This talk presents feedback-driven adaptive algorithms for efficient scheduling of parallel jobs on multiprogrammed multiprocessors.
Multiprocessor scheduling is often structured in two levels, where a kernel-level OS allocator allots processors to jobs and a user-level task scheduler schedules the ready tasks of a job on the allotted processors. In the context of adaptive scheduling, the demand of a parallel job may scale up and down. Therefore, the number of processors allotted to a particular job should vary during the job's execution, and the task scheduler must also adapt to these changes in processor resources. For overall system efficiency, the task scheduler should provide parallelism feedback to the OS allocator to avoid situations, where a job is either allotted too many processors to use productively or it is allotted too few processors to complete without undue delay. Since the future parallelism of a job is generally unknown, how to provide effective parallelism feedback and allocate processors efficiently is a significant research challenge.

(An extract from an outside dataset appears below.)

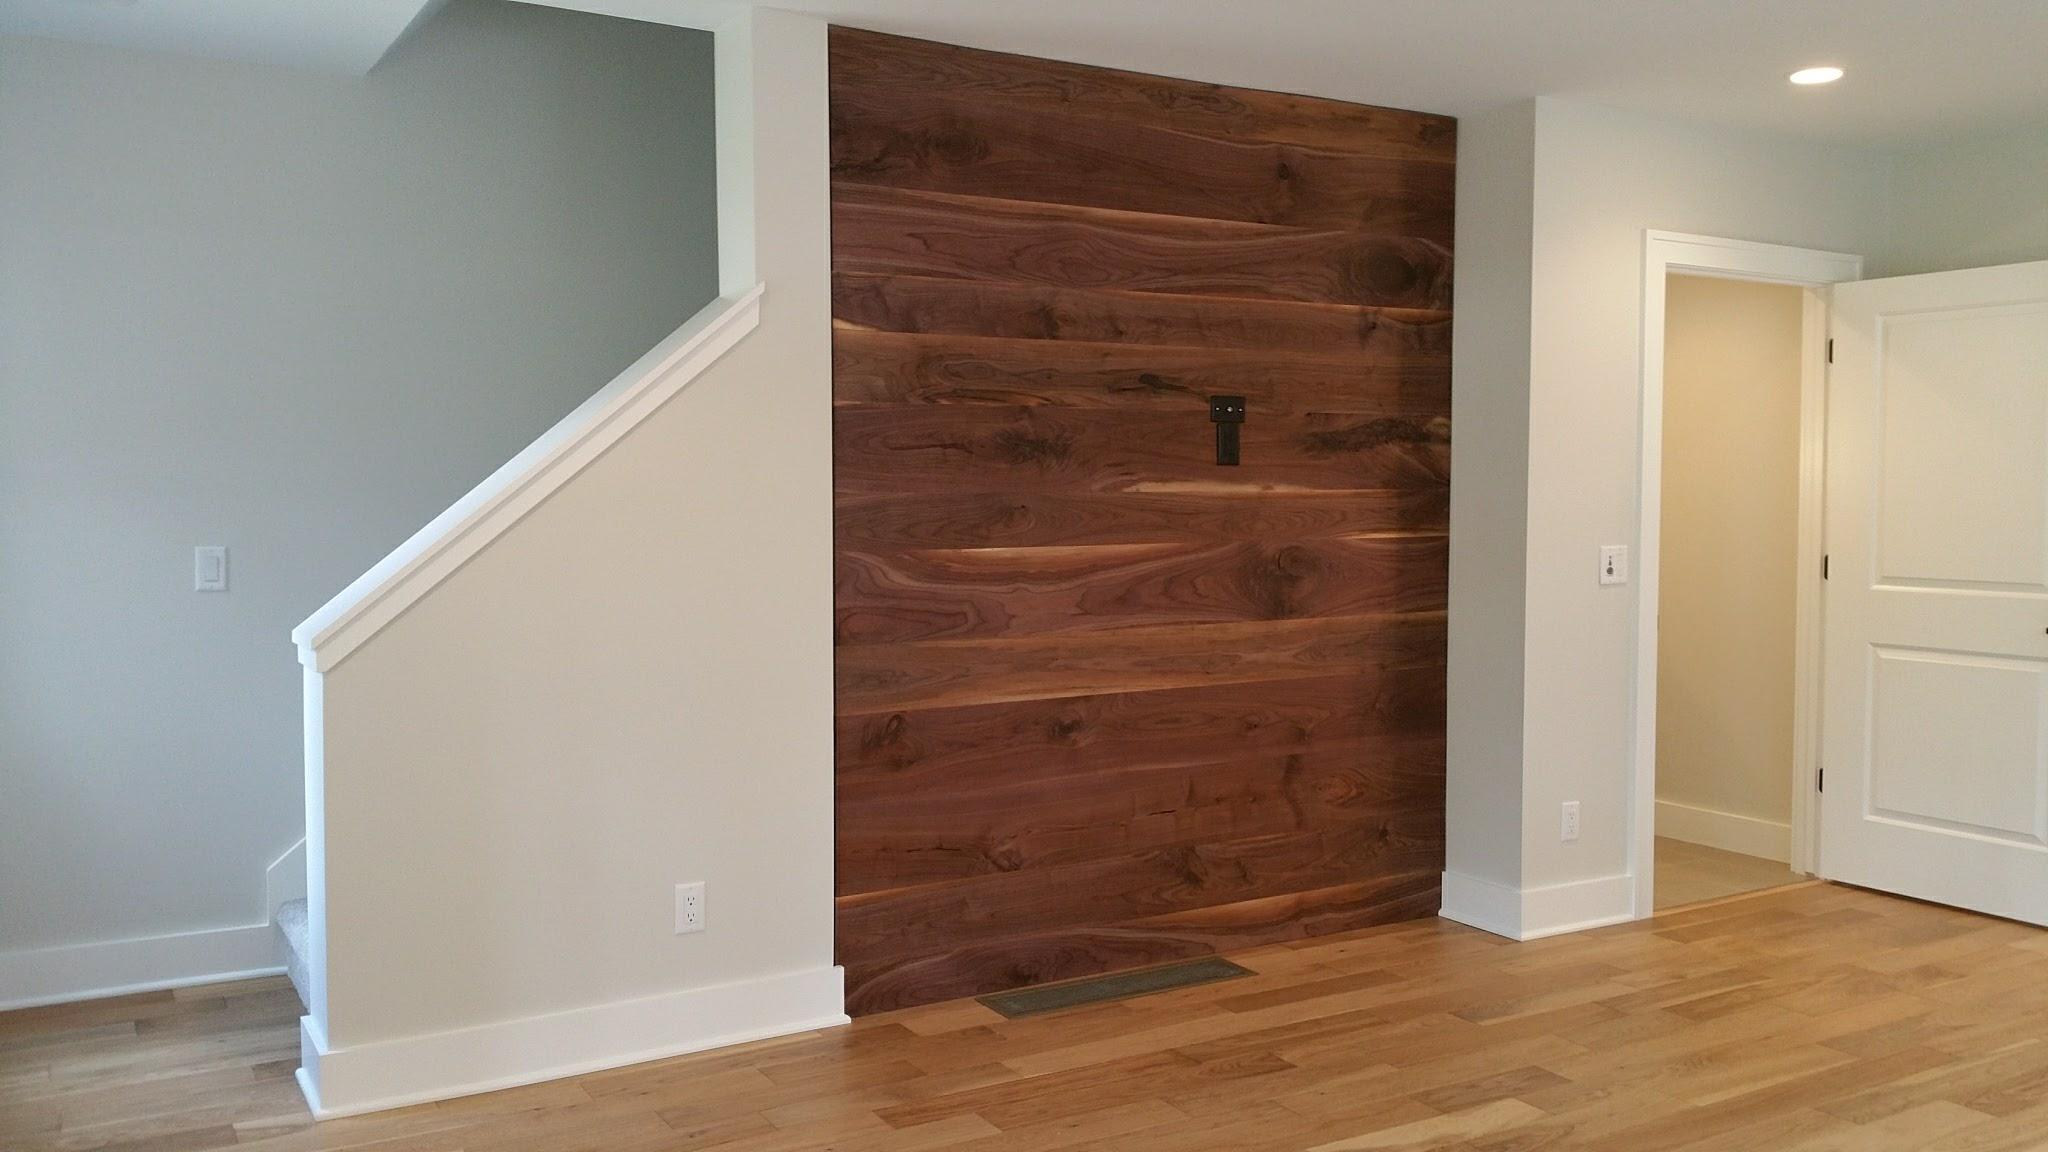 walnut wall6.jpg

This talk provides an overview of several adaptive scheduling algorithms we have developed. The proposed schedulers operate in an online nonclairvoyant manner, oblivious to the future characteristics of a job. Firstly the task scheduler A-Greedy provides provably good history-based feedback about a job's parallelism without knowing its future. A-Greedy completes a job in near-optimal time while guaranteeing low waste. Secondly, when A-Greedy is integrated with OS allocator RAD, the two-level scheduler GRAD achieves O(1)-competitiveness against an optimal offline scheduling algorithm with respect to both mean response time and makespan for batched jobs and nonbatched jobs, respectively. GRAD is the first nonclairvoyant scheduling algorithm to offer such performance guarantees. The talk also addresses the design considerations of developing efficient adaptive scheduling algorithms, and discusses the performance improvements with a semi-clairvoyant scheduler that possesses certain information on jobs' parallelism.